What happens to RSUs if you die?

As described below, subject to certain exceptions for performance-based RSUs, if you die while holding unvested RSUs, your unvested RSUs immediately will vest, and all of your RSUs will be paid out in shares or in cash, at the Company’s discretion, as soon as is administratively practicable after death.

Is there a special holding period for RSU shares?

Unlike with incentive stock option (ISO) or employee stock purchase plan (ESPP) shares, there is no special holding period rule that can reduce your tax bill for RSU shares. If you do hold the shares, then they will be taxed exactly as if you had purchased them on the open market on the day they vested.

How does restricted stock units work with an RSU plan?
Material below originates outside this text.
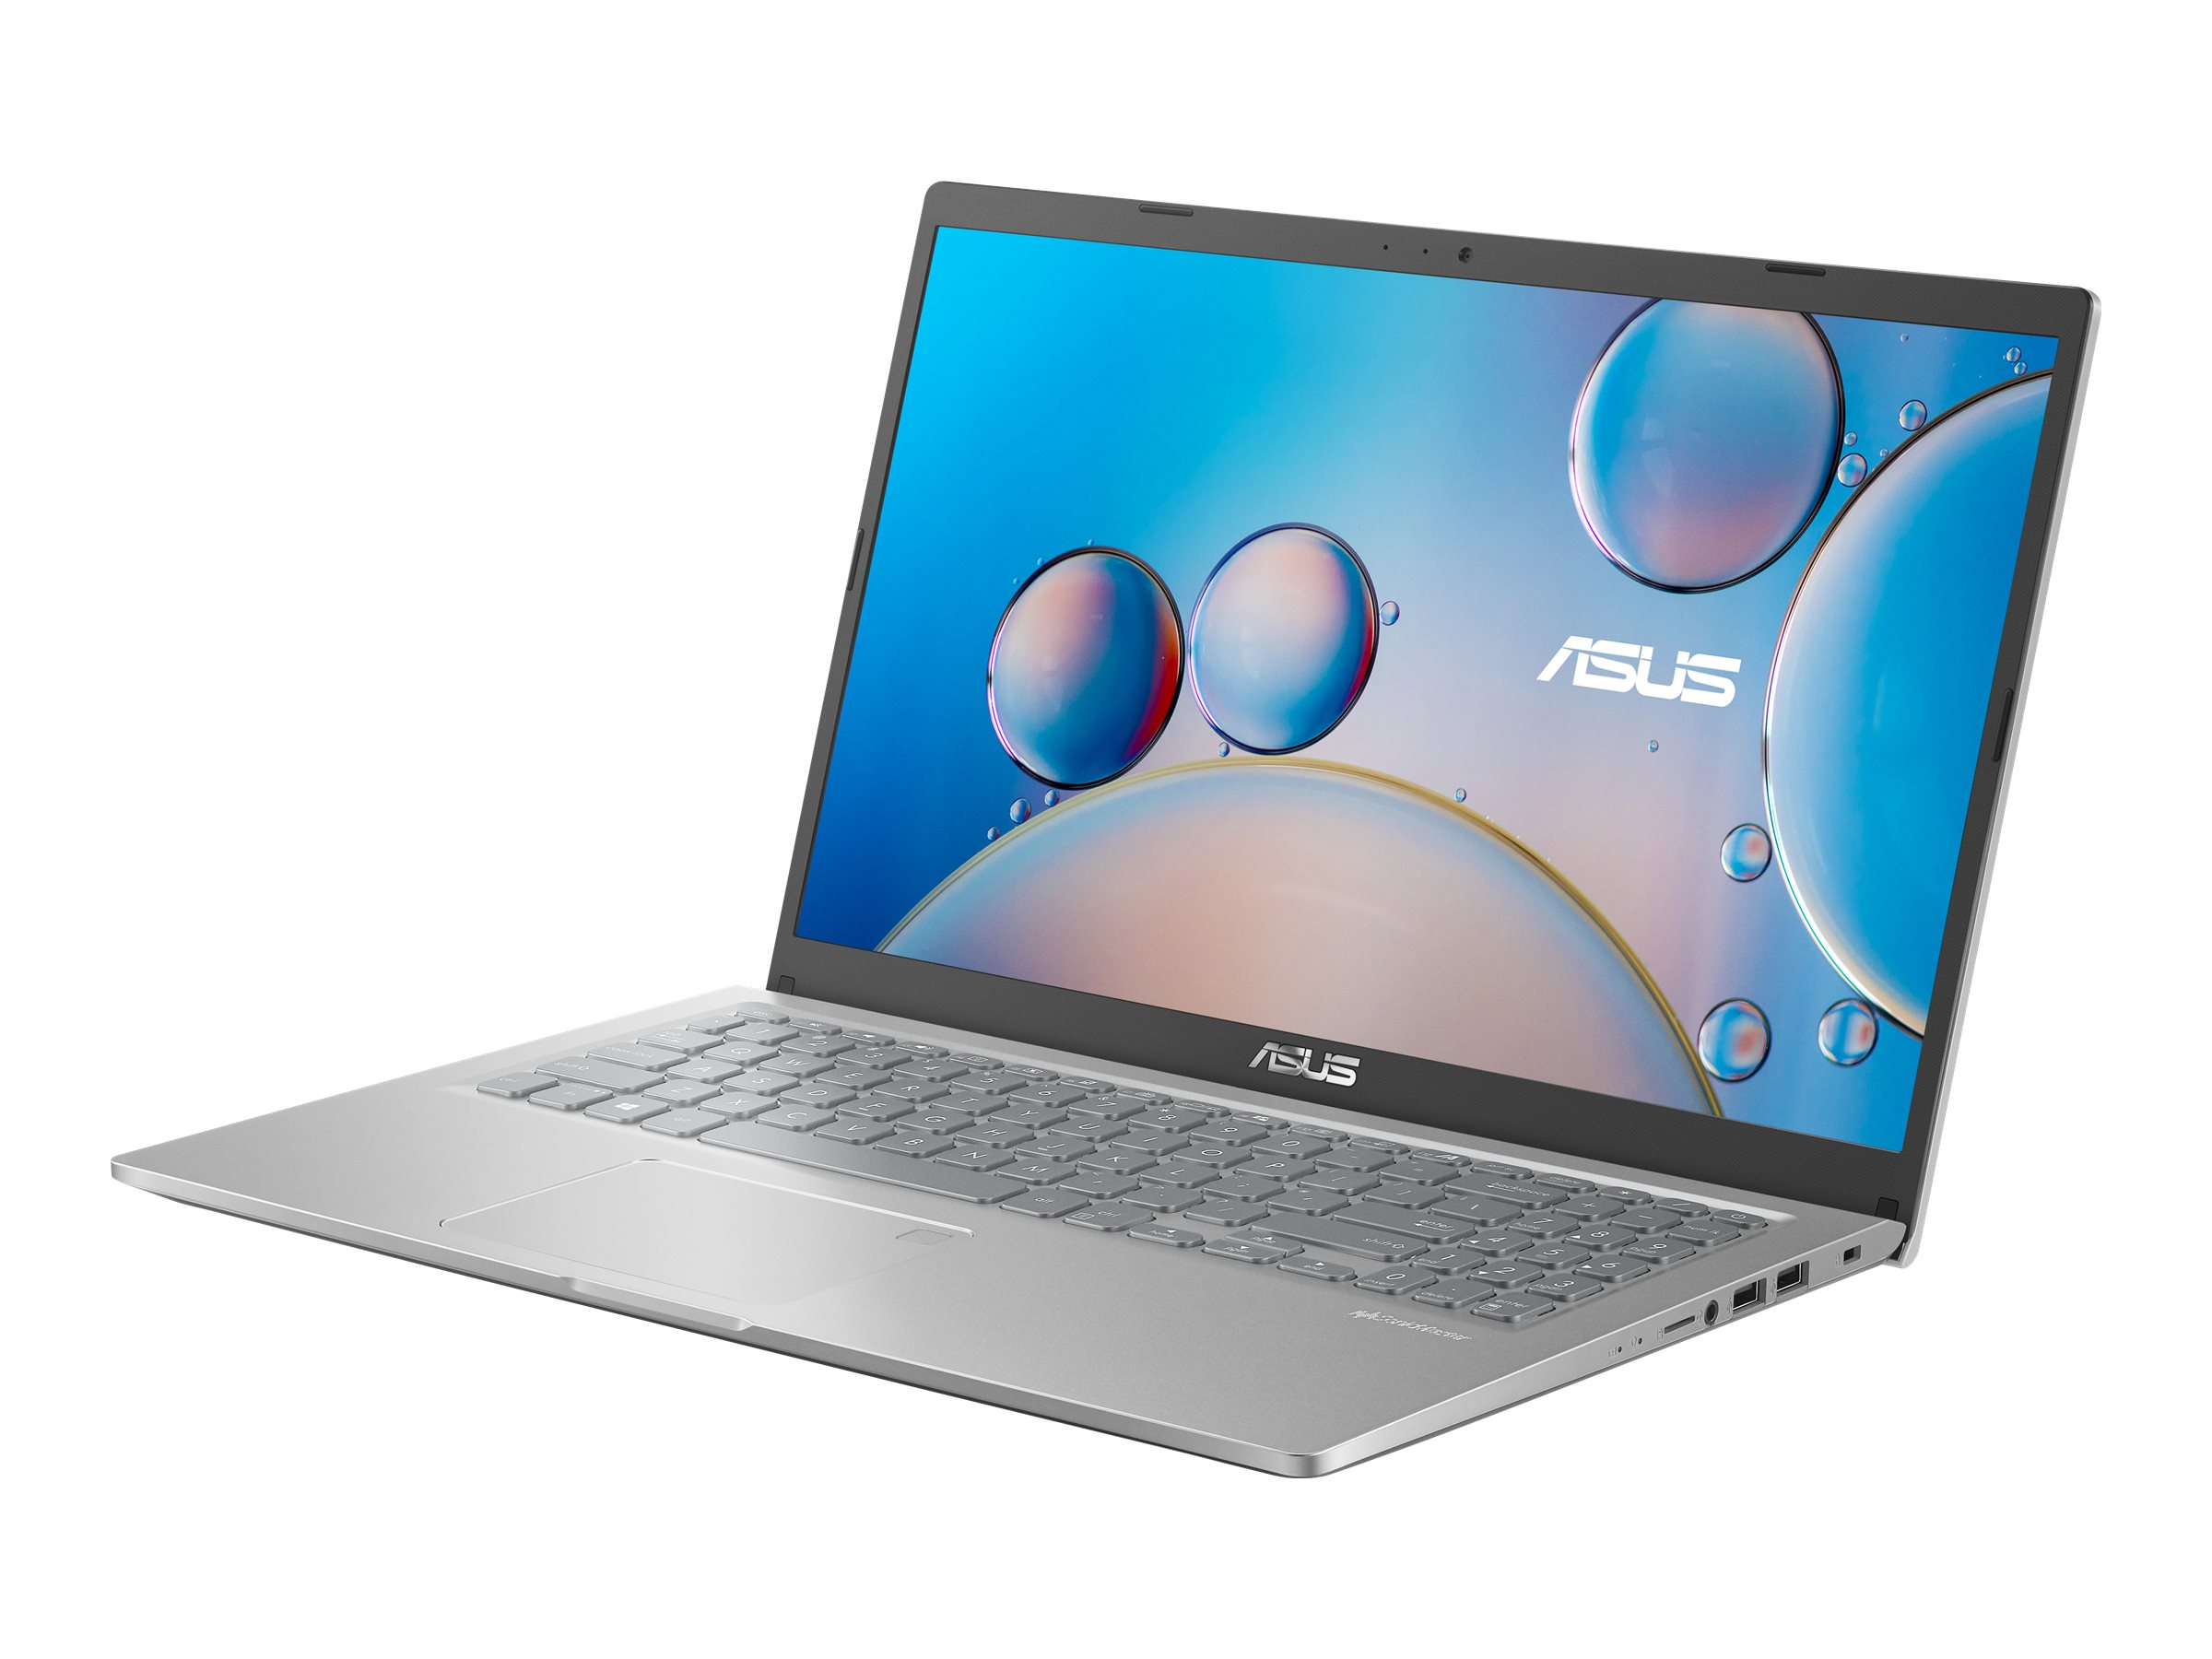 "ASUS 15 X515JA-BQ647T - Core i5 1035G1 / 1 GHz - Windows 10 Home - 8 GB RAM - 512 GB SSD NVMe - 39.6 cm (15.6"")"

How Restricted Stock Units Work With an RSU plan, the company offers the employee an economic interest in the company stated as a specific number of shares of company stock. The stock is not immediately given out to the employee, however, but is instead awarded at a future time upon completion of a stated goal or on reaching a stated date.

Do you pay capital gains tax when you sell RSU shares?

When you sell the shares, you will pay capital gains tax on any appreciation of the market value from the vesting date when you received the RSU shares. If you sell the shares immediately, before they increase or decrease in value, there will be no capital gains tax due.

What does it mean to sell employee stock purchase plan?

Learn About Selling Employee Stock Purchase Plan Shares. An employee stock purchase plan (referred to as an ESPP) allows you to buy shares of company stock at a price that is below market value. The terms of each plan differ, but generally, you can buy shares for about a 10-15% discount.